▸ Dataset extract
------------------------------------

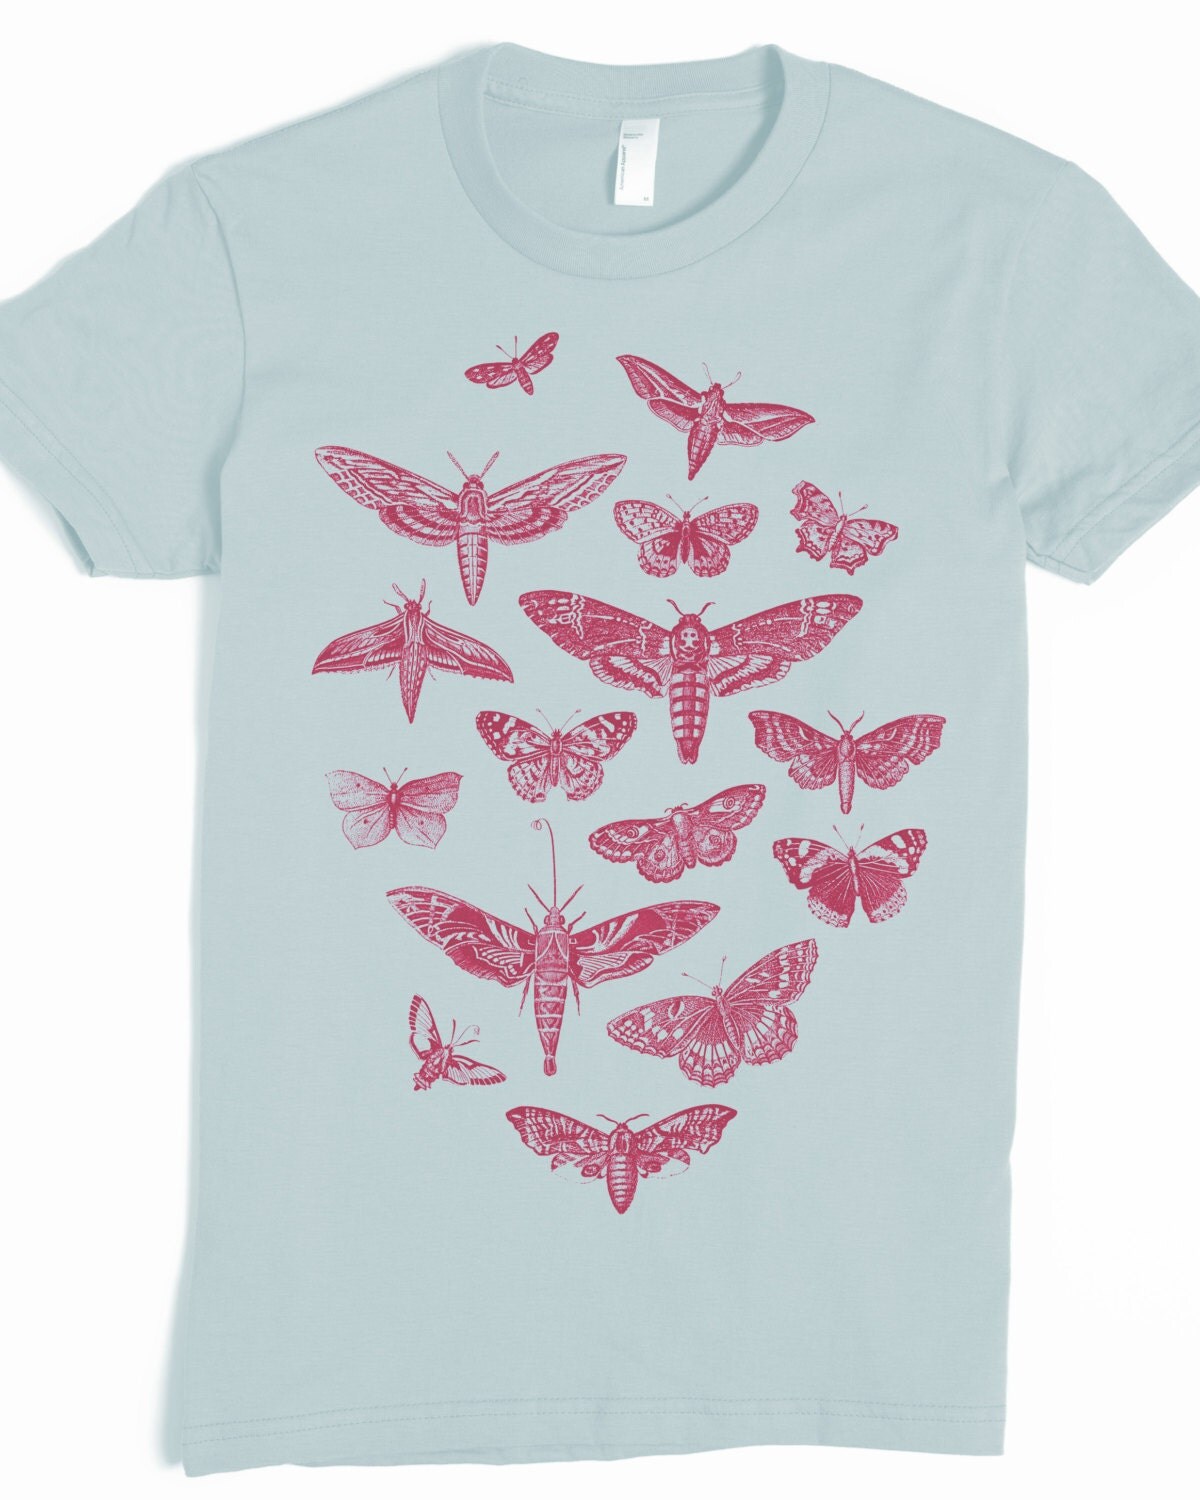 Moth Shirt Women's Butterfly T-shirt Vintage
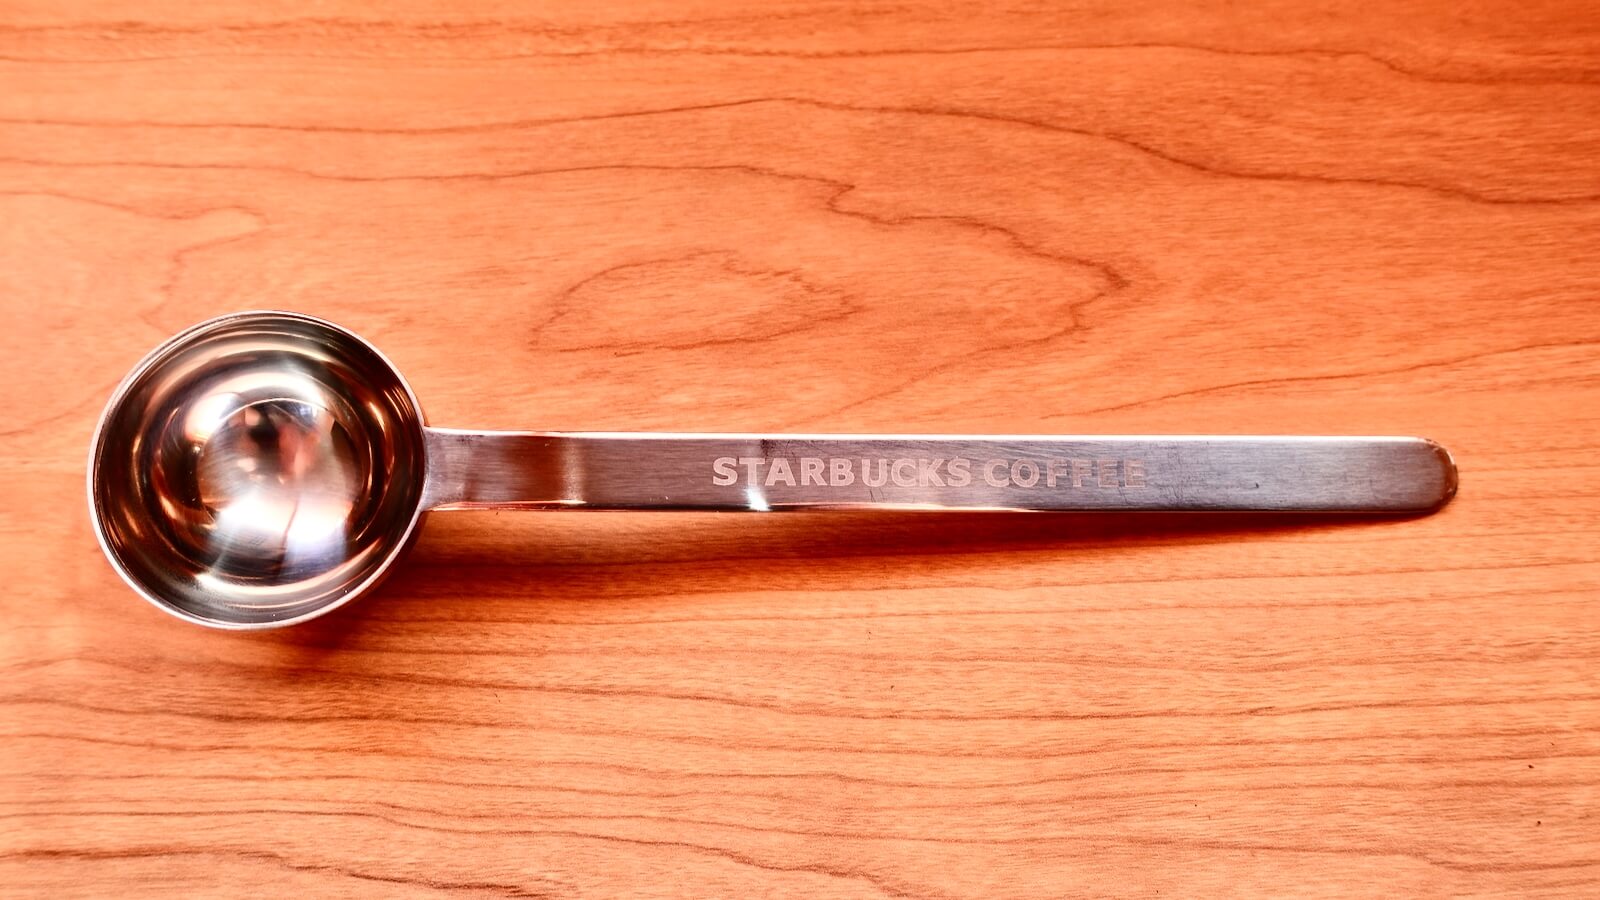 Starbucks Espresso Kit Measuring Spoon
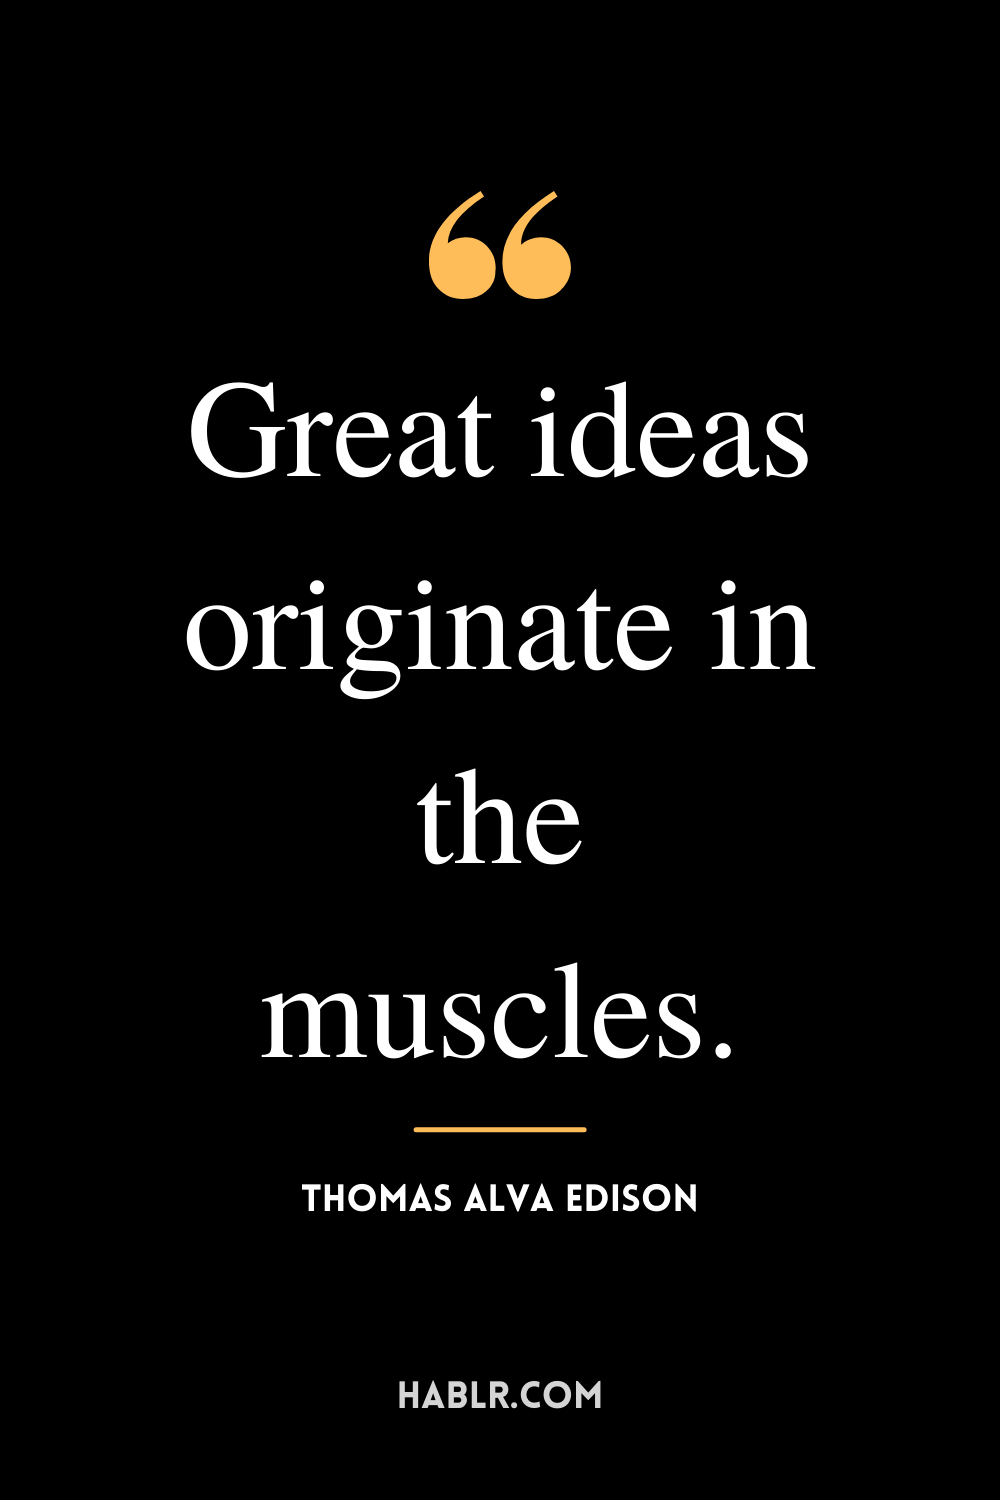 "Great ideas originate in the muscles." -Thomas Alva Edison

------------------------------------

▸ Directions for this task
Without copying any picture, write out all of the material exactly as it reads.

▸ Response box
 Moth Shirt Women's Butterfly T-shirt Vintage
 Starbucks Espresso Kit Measuring Spoon
 "Great ideas originate in the muscles." -Thomas Alva Edison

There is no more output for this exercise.